- [TASK REQUIREMENTS] Find the line below with "Steinzeit Designer Teapot". Print it and every line after it exactly, through the last line, leaving out the pictures.

- [SOURCE DATA]
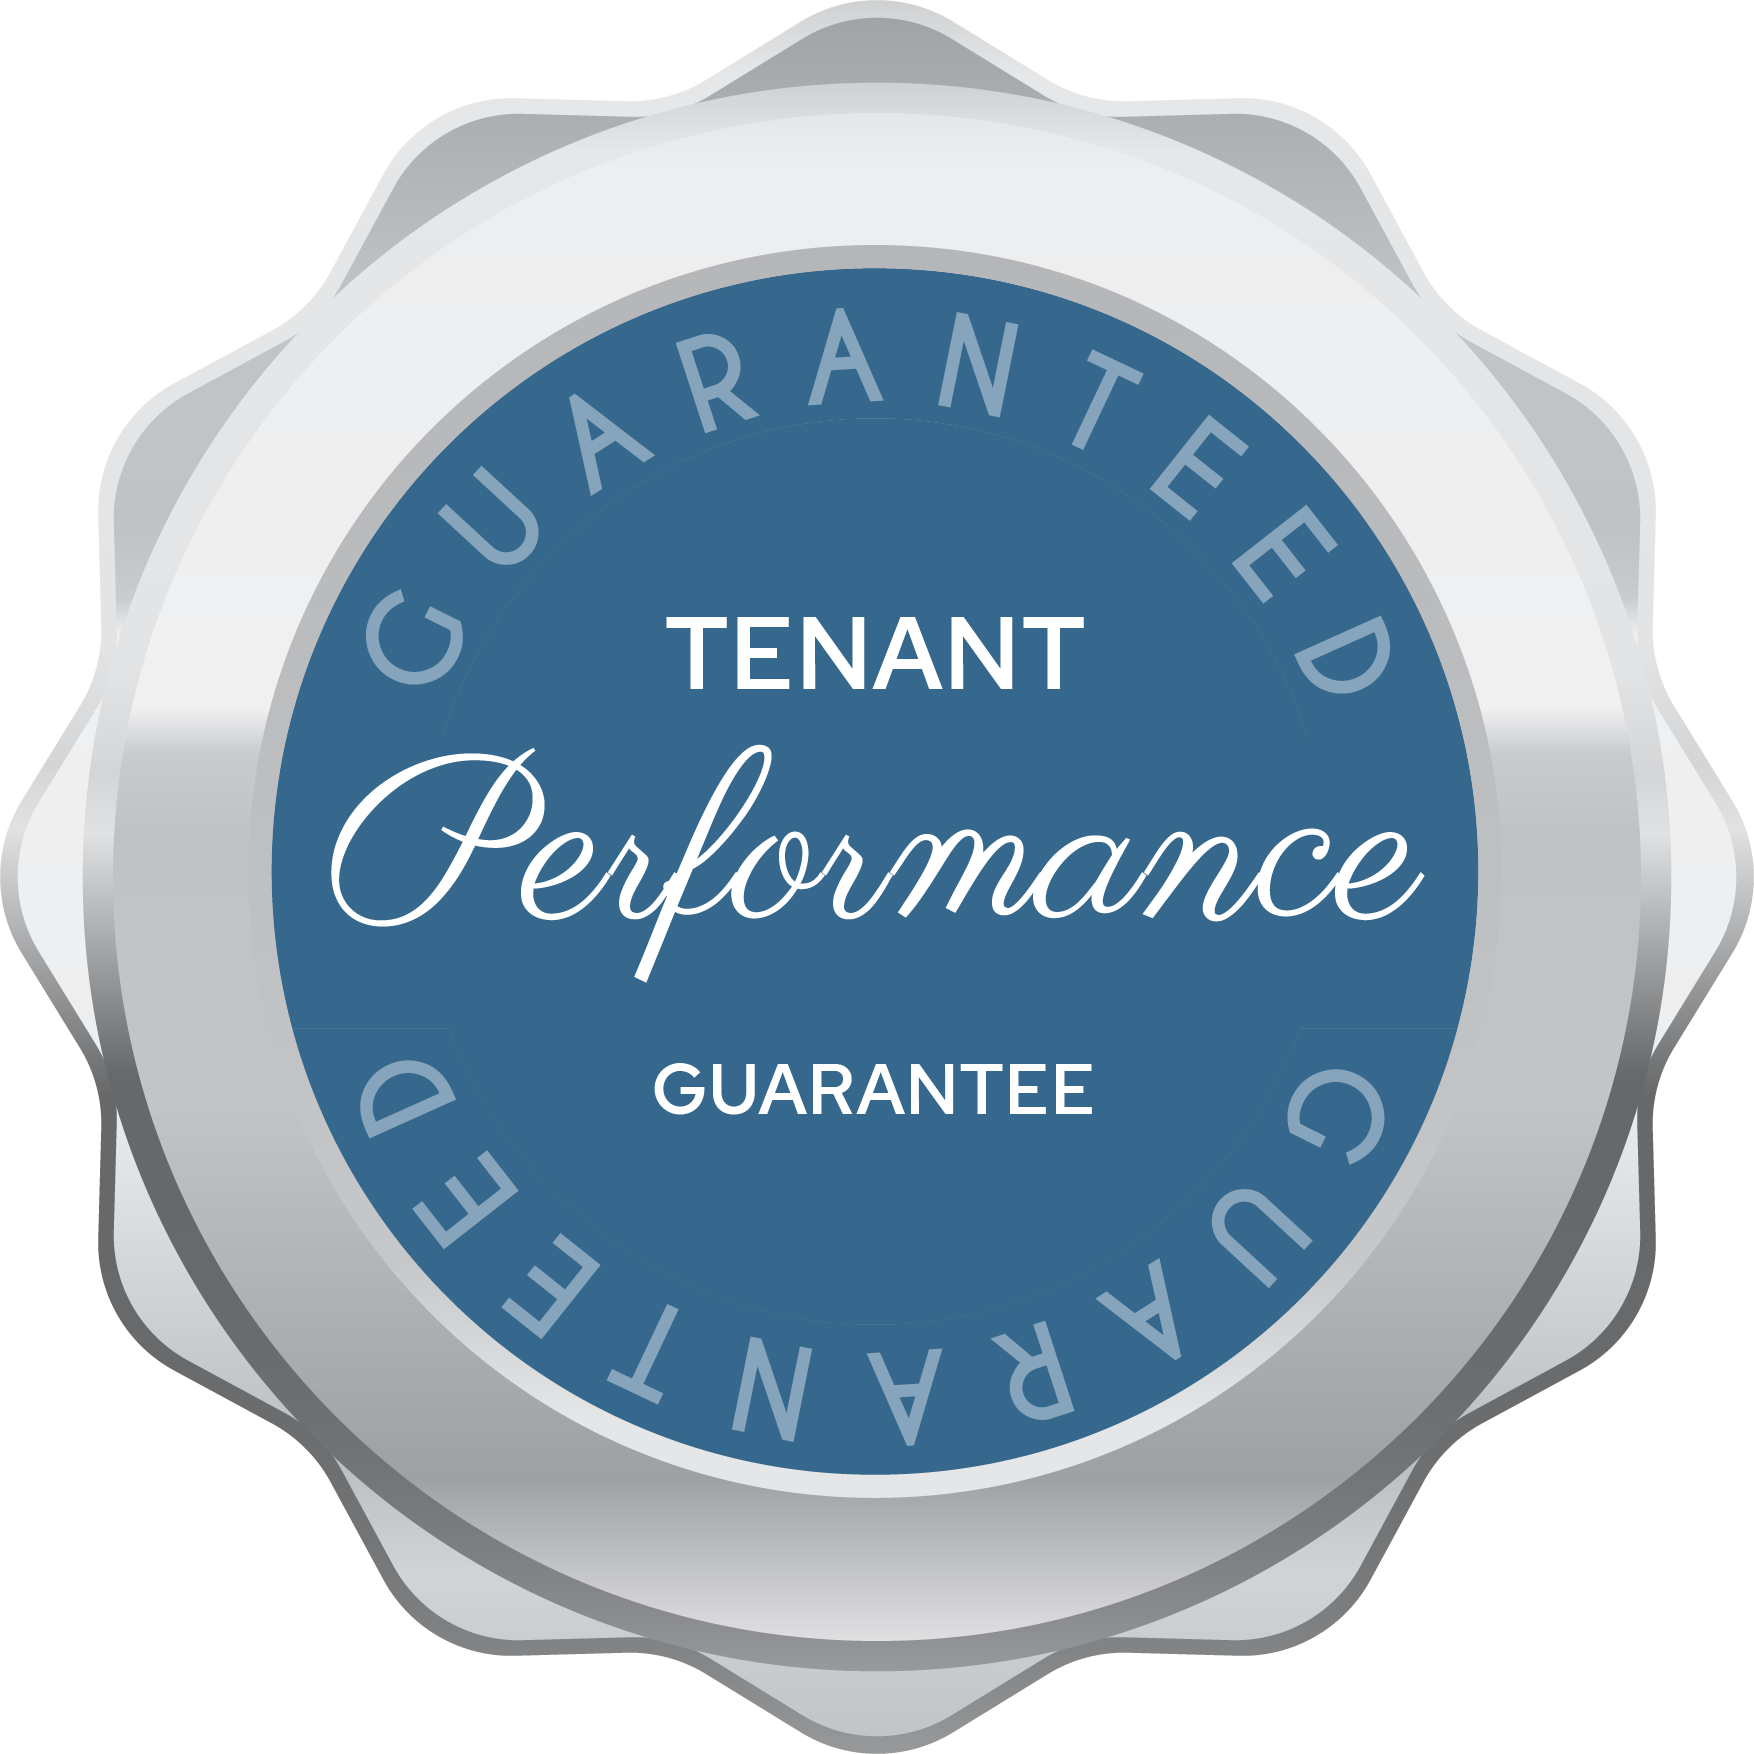 Tenant Performance Guarantee Badge
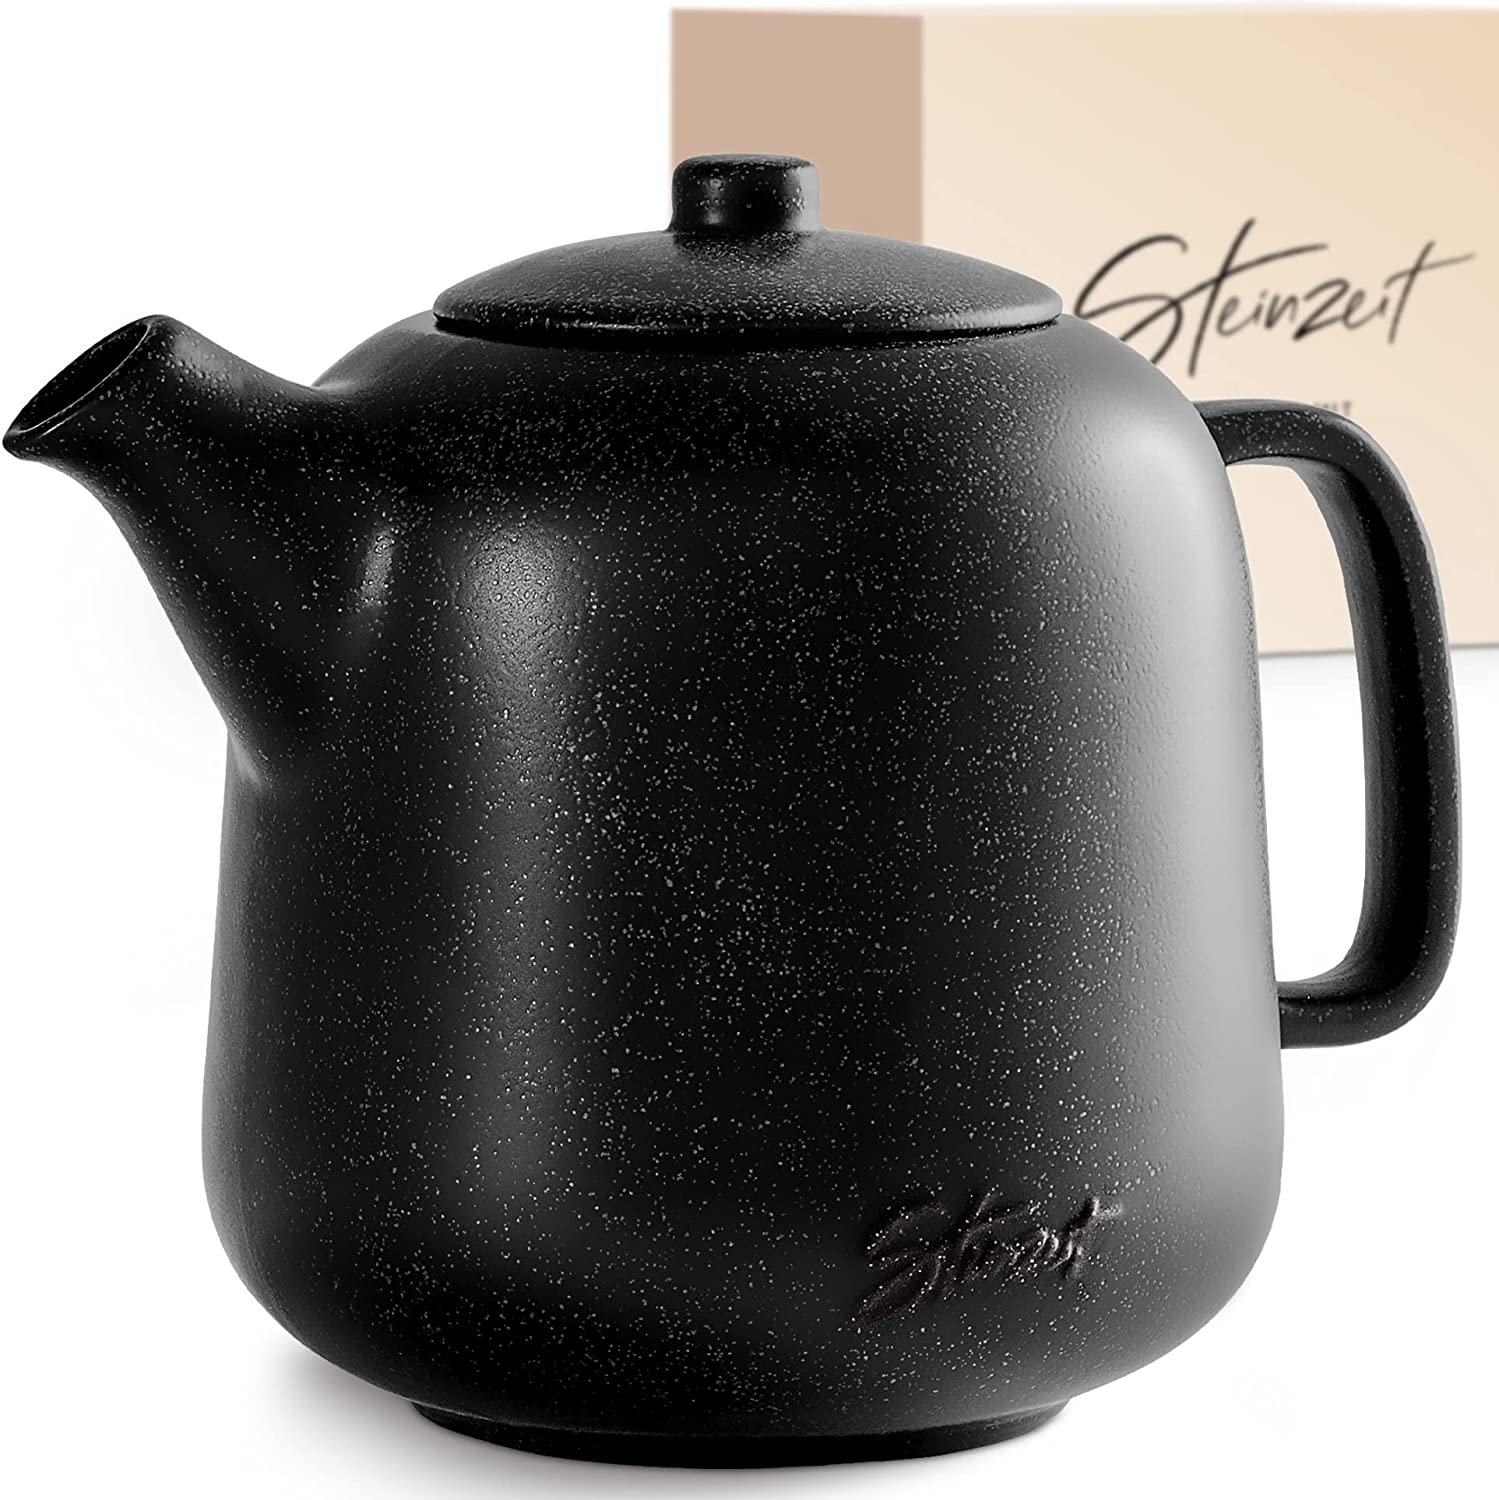 Steinzeit Designer Teapot (1.3 L) - Teapot with Strainer Insert Made of 304 Stainless Steel - Ceramic Teapot with Unique Glaze - Removable Teapot with Strainer - Teapot Black
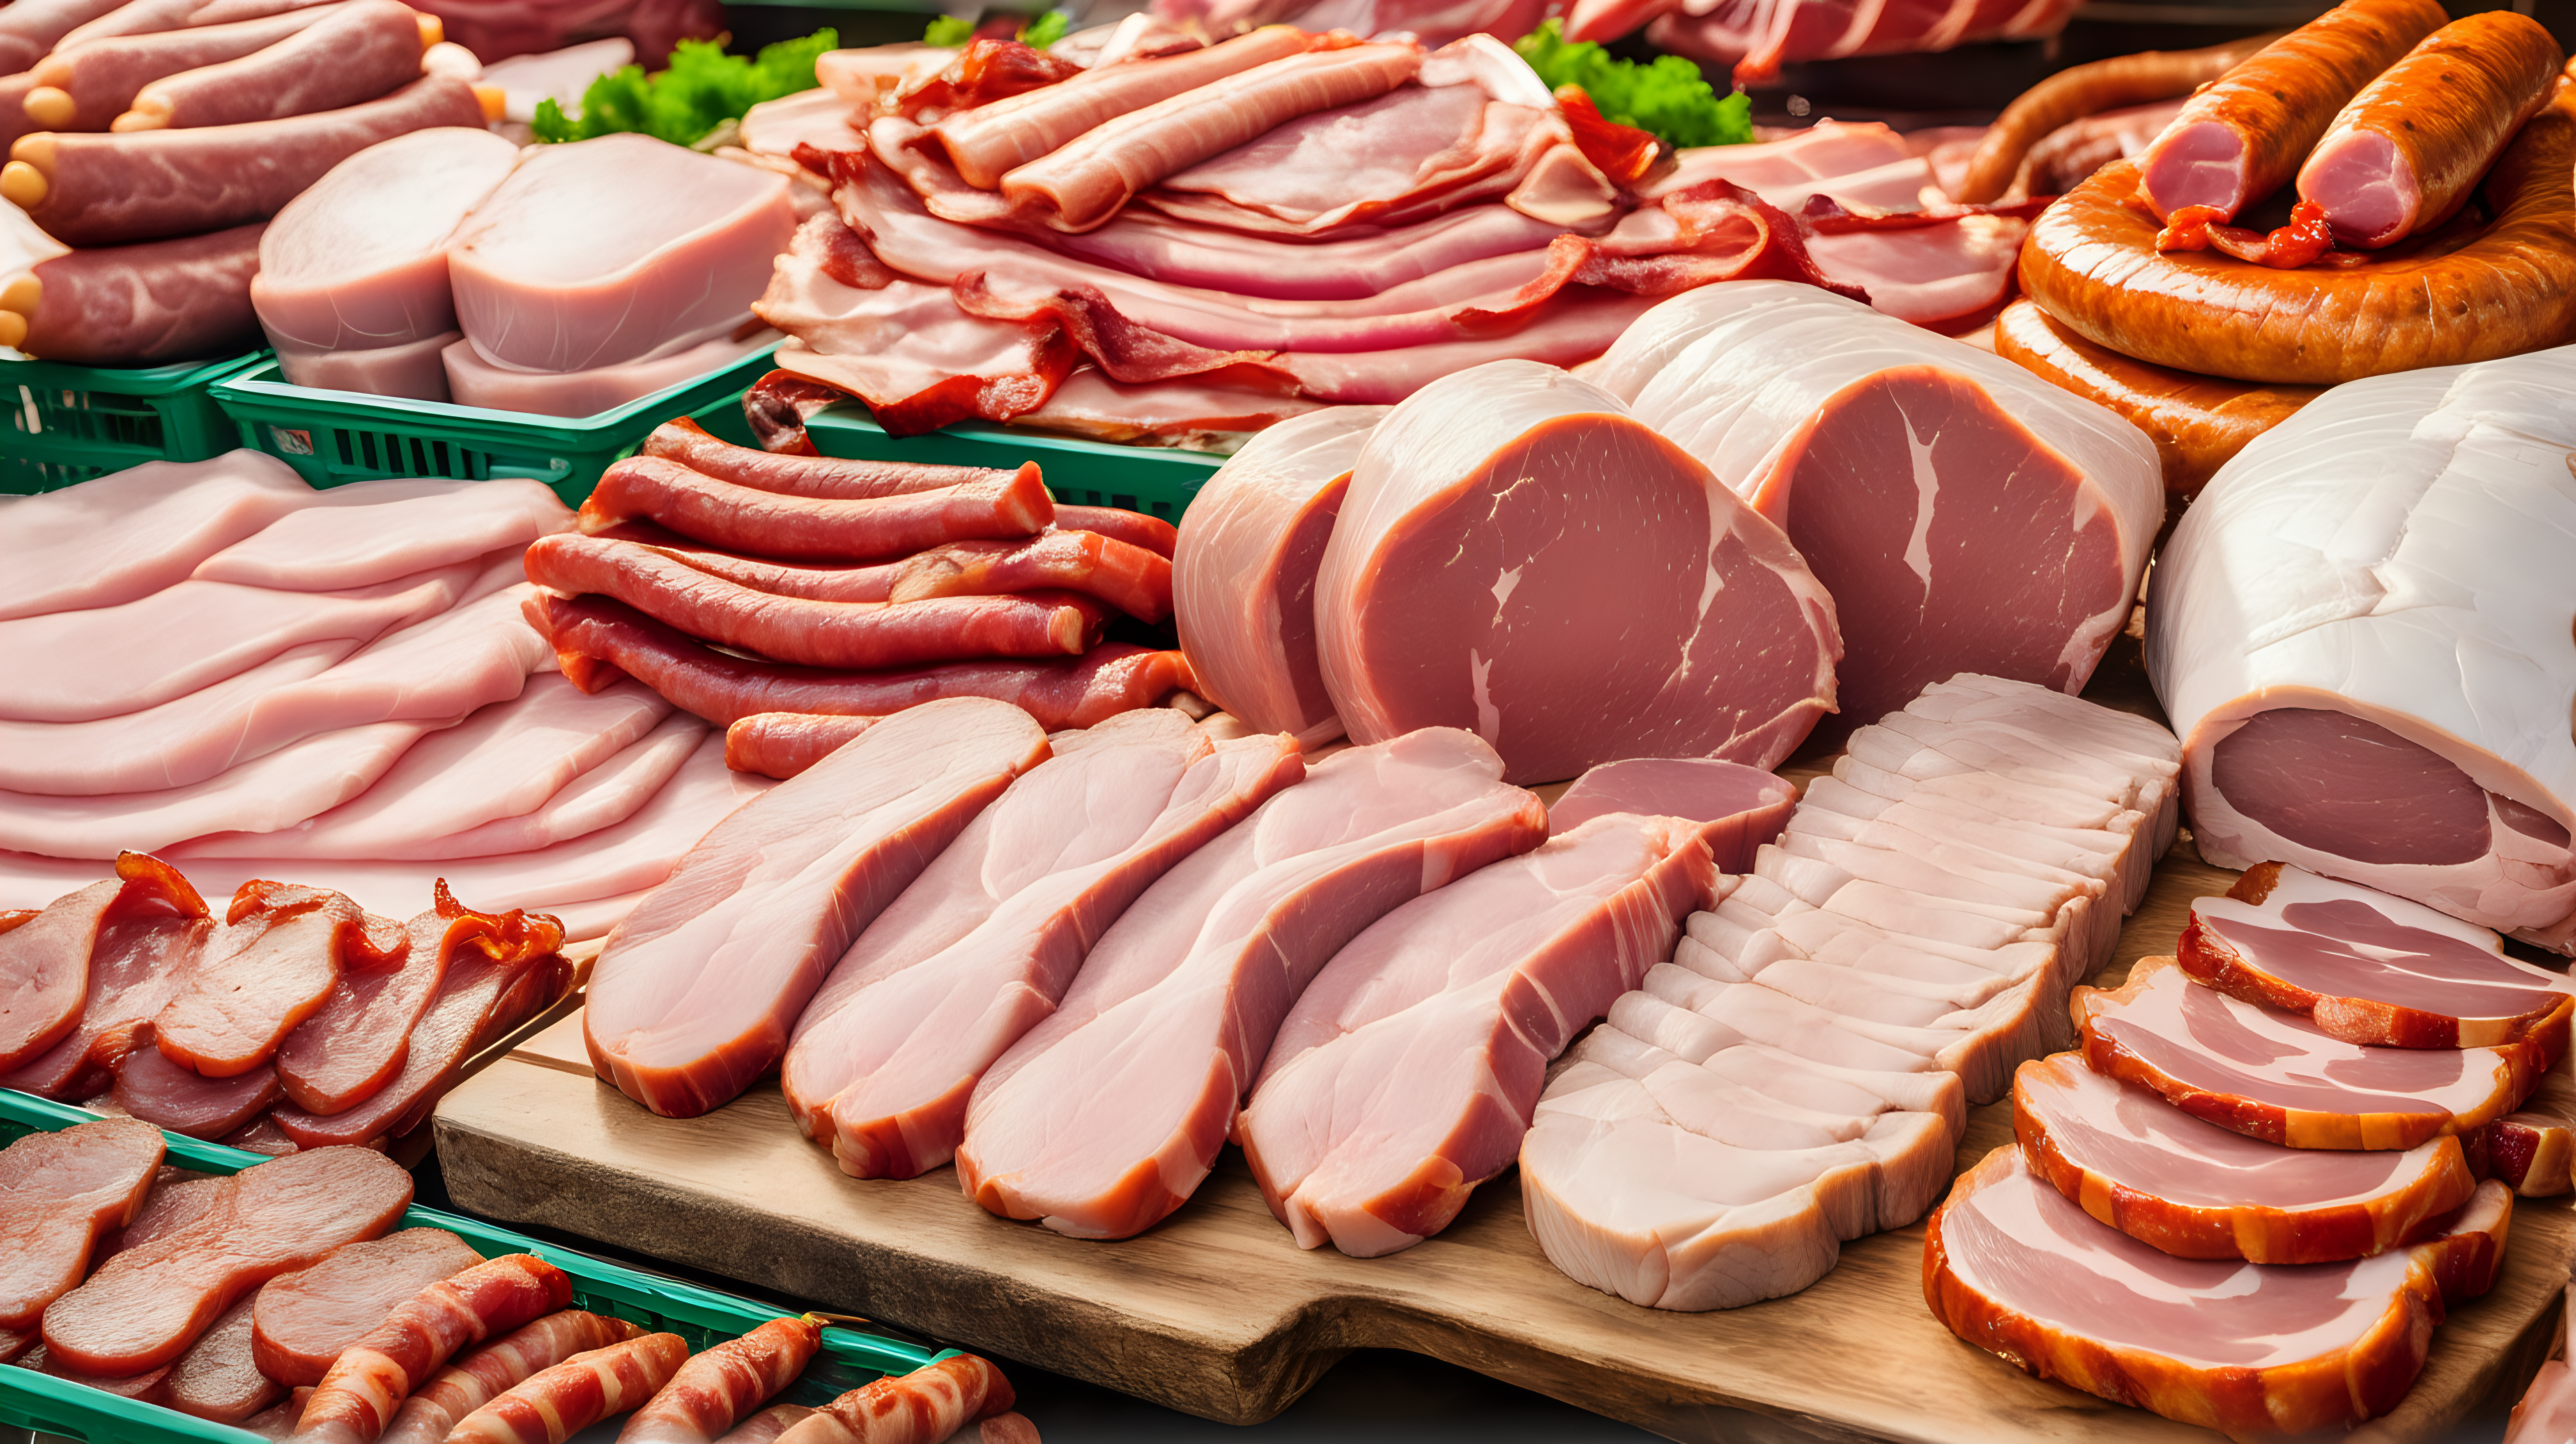 Ham bacon pork chops pork loin and sausage

- [EXPECTED OUTPUT]
 Steinzeit Designer Teapot (1.3 L) - Teapot with Strainer Insert Made of 304 Stainless Steel - Ceramic Teapot with Unique Glaze - Removable Teapot with Strainer - Teapot Black
 Ham bacon pork chops pork loin and sausage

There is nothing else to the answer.